● Source data:

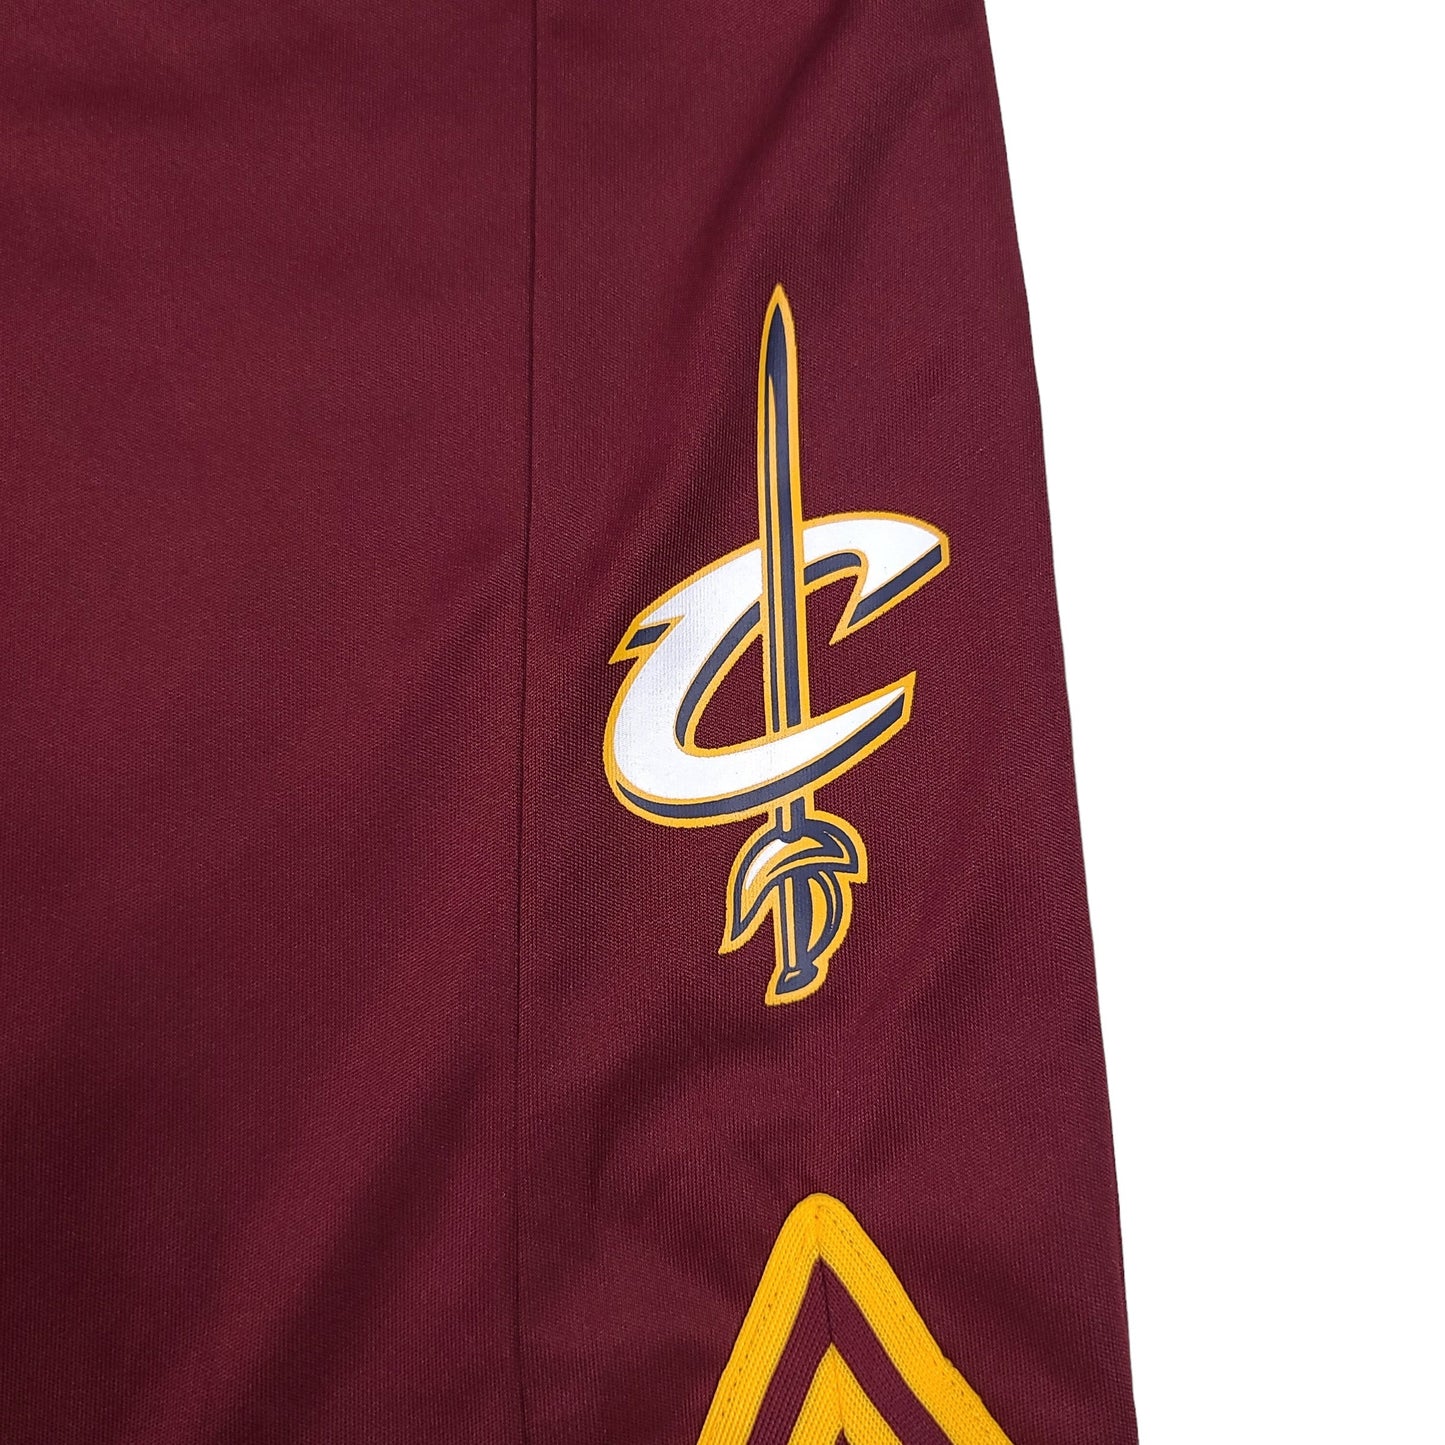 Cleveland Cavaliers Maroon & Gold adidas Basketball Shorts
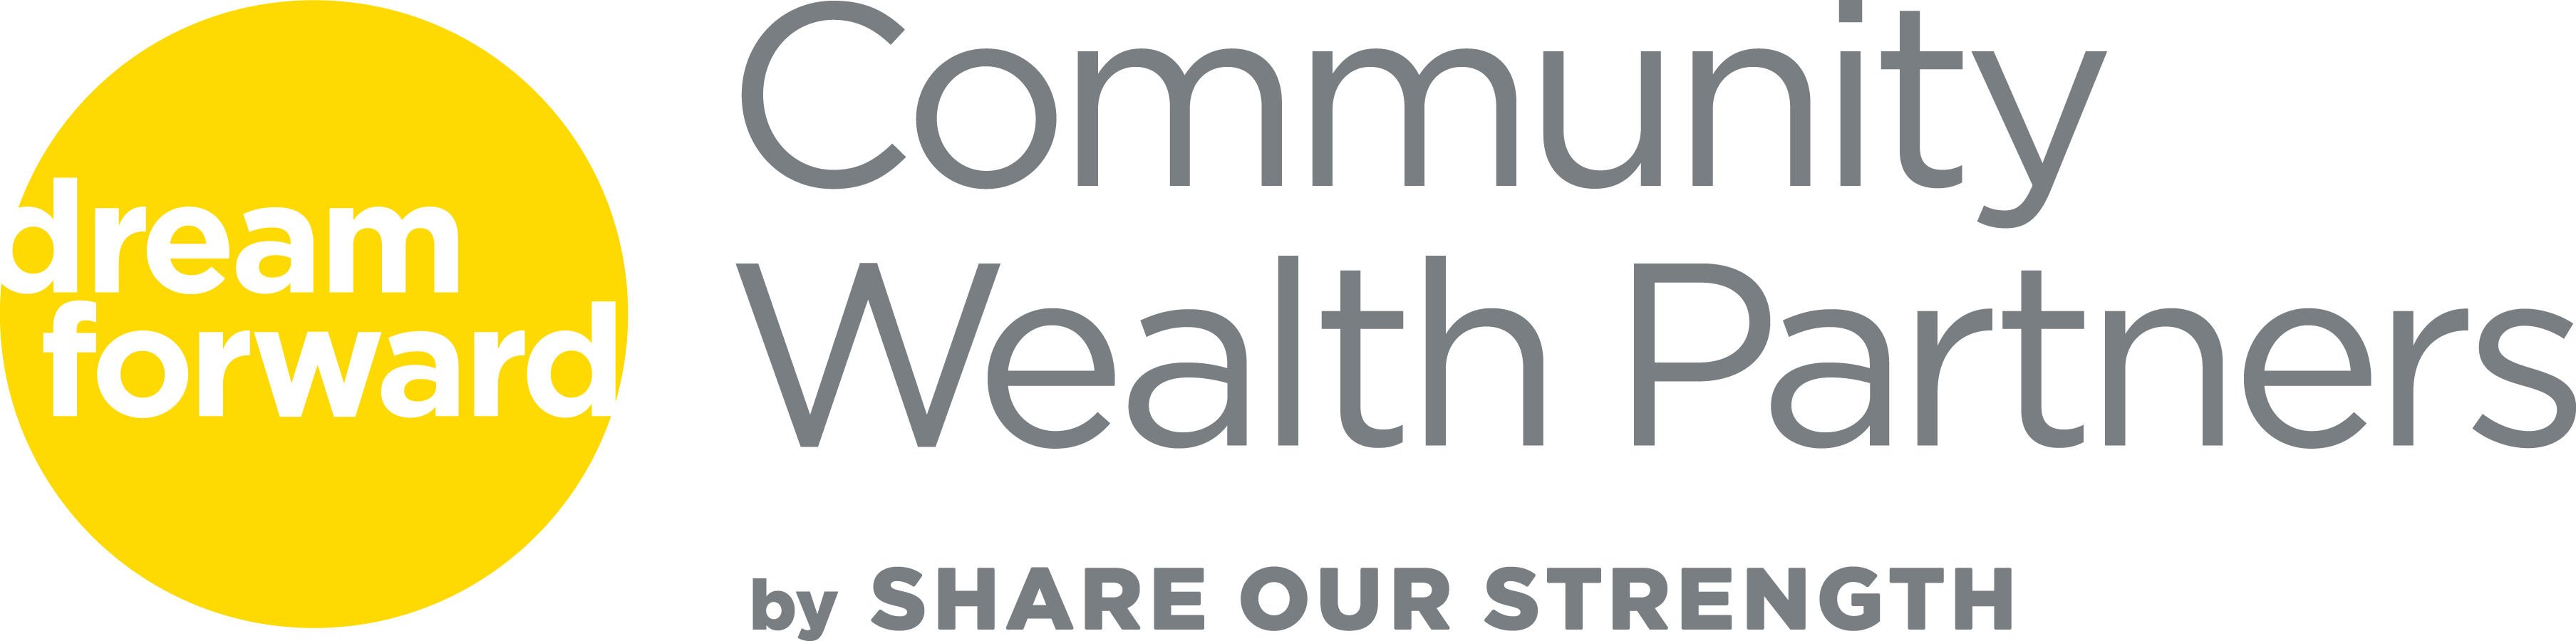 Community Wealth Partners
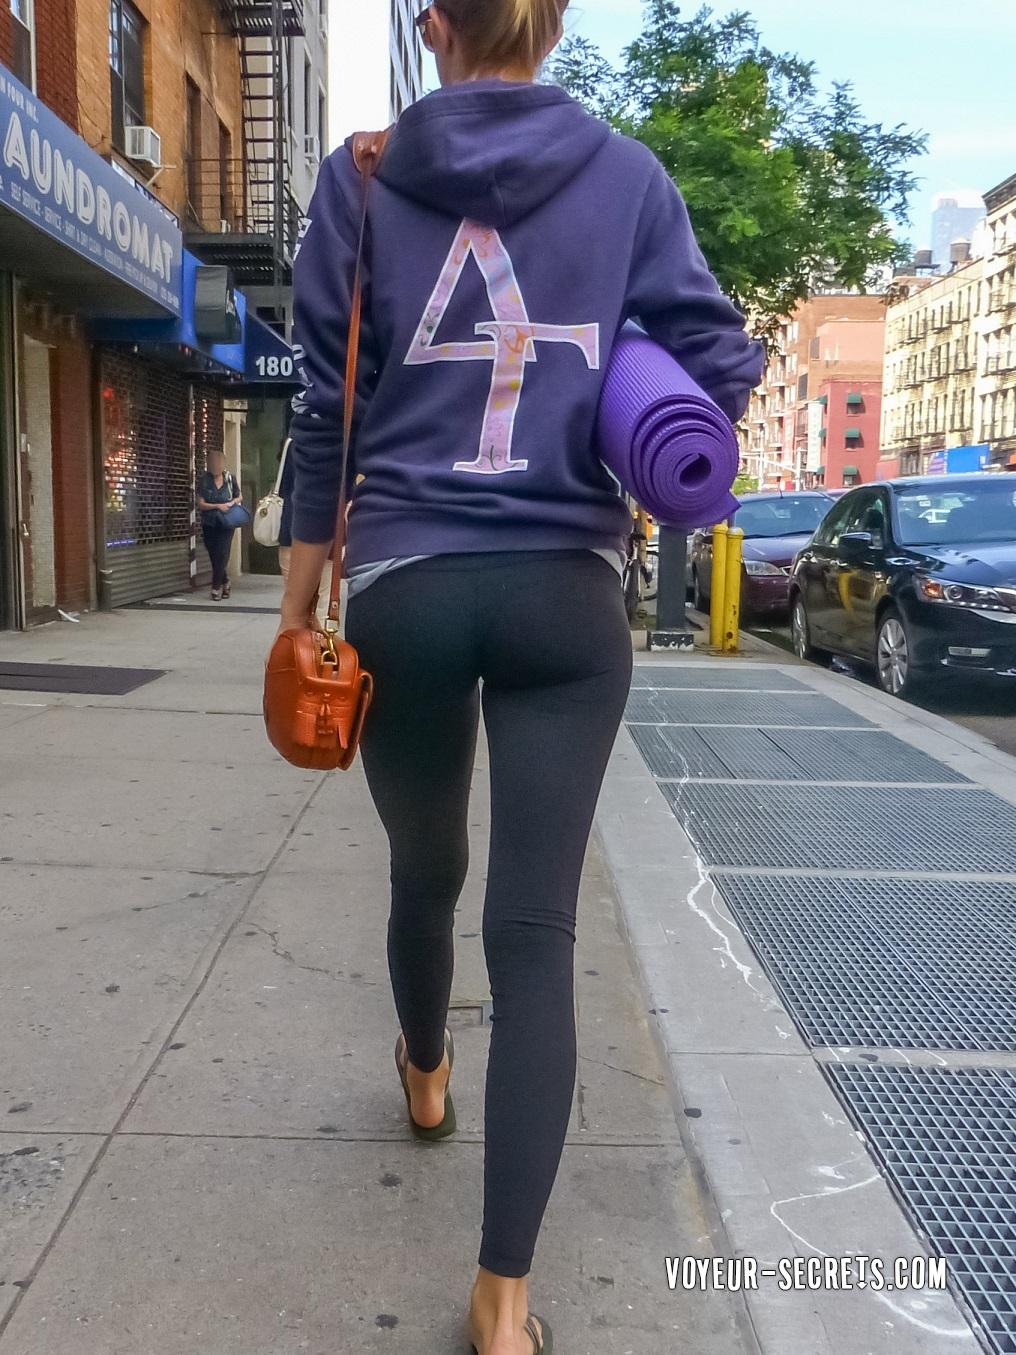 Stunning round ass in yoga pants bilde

● Exercise objective: All of the data needs repeating exactly, but the pictures do not.

● Output below:
 Cleveland Cavaliers Maroon & Gold adidas Basketball Shorts
 Community Wealth Partners
 Stunning round ass in yoga pants bilde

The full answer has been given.